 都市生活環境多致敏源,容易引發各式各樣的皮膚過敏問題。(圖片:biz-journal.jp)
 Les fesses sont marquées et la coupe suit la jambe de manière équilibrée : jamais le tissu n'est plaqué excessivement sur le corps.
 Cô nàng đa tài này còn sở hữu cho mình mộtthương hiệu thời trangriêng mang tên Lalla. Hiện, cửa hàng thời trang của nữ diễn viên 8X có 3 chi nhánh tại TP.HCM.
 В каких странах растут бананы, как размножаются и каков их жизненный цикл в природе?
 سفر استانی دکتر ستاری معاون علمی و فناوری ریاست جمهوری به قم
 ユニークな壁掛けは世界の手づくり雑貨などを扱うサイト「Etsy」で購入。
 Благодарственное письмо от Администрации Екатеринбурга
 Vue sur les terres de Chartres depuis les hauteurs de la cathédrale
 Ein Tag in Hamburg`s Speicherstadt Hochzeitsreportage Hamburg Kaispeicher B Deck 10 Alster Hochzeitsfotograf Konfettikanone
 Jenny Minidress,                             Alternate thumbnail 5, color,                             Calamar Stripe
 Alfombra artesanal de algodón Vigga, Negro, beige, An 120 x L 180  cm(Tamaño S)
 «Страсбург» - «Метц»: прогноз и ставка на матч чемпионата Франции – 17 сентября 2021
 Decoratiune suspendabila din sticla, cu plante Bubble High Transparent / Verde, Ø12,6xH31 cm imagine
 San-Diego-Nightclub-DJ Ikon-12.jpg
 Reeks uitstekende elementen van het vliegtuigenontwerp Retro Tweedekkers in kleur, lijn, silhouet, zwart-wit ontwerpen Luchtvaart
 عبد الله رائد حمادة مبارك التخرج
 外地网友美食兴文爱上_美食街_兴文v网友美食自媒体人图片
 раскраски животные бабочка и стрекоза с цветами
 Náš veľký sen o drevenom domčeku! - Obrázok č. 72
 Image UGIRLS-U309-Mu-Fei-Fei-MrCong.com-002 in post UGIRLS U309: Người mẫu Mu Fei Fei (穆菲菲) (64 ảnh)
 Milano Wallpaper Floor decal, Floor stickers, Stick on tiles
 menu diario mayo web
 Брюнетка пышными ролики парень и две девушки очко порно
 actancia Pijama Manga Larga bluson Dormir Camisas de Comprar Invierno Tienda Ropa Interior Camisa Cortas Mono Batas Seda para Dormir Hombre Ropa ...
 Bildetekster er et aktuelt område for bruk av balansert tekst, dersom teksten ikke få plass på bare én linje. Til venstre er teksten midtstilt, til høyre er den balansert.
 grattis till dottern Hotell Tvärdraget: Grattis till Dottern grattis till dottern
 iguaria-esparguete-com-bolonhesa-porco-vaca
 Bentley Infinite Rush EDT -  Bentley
::::::::
# ABOUT THIS TASK
From the first line to the last, retype the records exactly as they stand above.

# EXPECTED OUTPUT
 都市生活環境多致敏源,容易引發各式各樣的皮膚過敏問題。(圖片:biz-journal.jp)
 Les fesses sont marquées et la coupe suit la jambe de manière équilibrée : jamais le tissu n'est plaqué excessivement sur le corps.
 Cô nàng đa tài này còn sở hữu cho mình mộtthương hiệu thời trangriêng mang tên Lalla. Hiện, cửa hàng thời trang của nữ diễn viên 8X có 3 chi nhánh tại TP.HCM.
 В каких странах растут бананы, как размножаются и каков их жизненный цикл в природе?
 سفر استانی دکتر ستاری معاون علمی و فناوری ریاست جمهوری به قم
 ユニークな壁掛けは世界の手づくり雑貨などを扱うサイト「Etsy」で購入。
 Благодарственное письмо от Администрации Екатеринбурга
 Vue sur les terres de Chartres depuis les hauteurs de la cathédrale
 Ein Tag in Hamburg`s Speicherstadt Hochzeitsreportage Hamburg Kaispeicher B Deck 10 Alster Hochzeitsfotograf Konfettikanone
 Jenny Minidress,                             Alternate thumbnail 5, color,                             Calamar Stripe
 Alfombra artesanal de algodón Vigga, Negro, beige, An 120 x L 180  cm(Tamaño S)
 «Страсбург» - «Метц»: прогноз и ставка на матч чемпионата Франции – 17 сентября 2021
 Decoratiune suspendabila din sticla, cu plante Bubble High Transparent / Verde, Ø12,6xH31 cm imagine
 San-Diego-Nightclub-DJ Ikon-12.jpg
 Reeks uitstekende elementen van het vliegtuigenontwerp Retro Tweedekkers in kleur, lijn, silhouet, zwart-wit ontwerpen Luchtvaart
 عبد الله رائد حمادة مبارك التخرج
 外地网友美食兴文爱上_美食街_兴文v网友美食自媒体人图片
 раскраски животные бабочка и стрекоза с цветами
 Náš veľký sen o drevenom domčeku! - Obrázok č. 72
 Image UGIRLS-U309-Mu-Fei-Fei-MrCong.com-002 in post UGIRLS U309: Người mẫu Mu Fei Fei (穆菲菲) (64 ảnh)
 Milano Wallpaper Floor decal, Floor stickers, Stick on tiles
 menu diario mayo web
 Брюнетка пышными ролики парень и две девушки очко порно
 actancia Pijama Manga Larga bluson Dormir Camisas de Comprar Invierno Tienda Ropa Interior Camisa Cortas Mono Batas Seda para Dormir Hombre Ropa ...
 Bildetekster er et aktuelt område for bruk av balansert tekst, dersom teksten ikke få plass på bare én linje. Til venstre er teksten midtstilt, til høyre er den balansert.
 grattis till dottern Hotell Tvärdraget: Grattis till Dottern grattis till dottern
 iguaria-esparguete-com-bolonhesa-porco-vaca
 Bentley Infinite Rush EDT -  Bentley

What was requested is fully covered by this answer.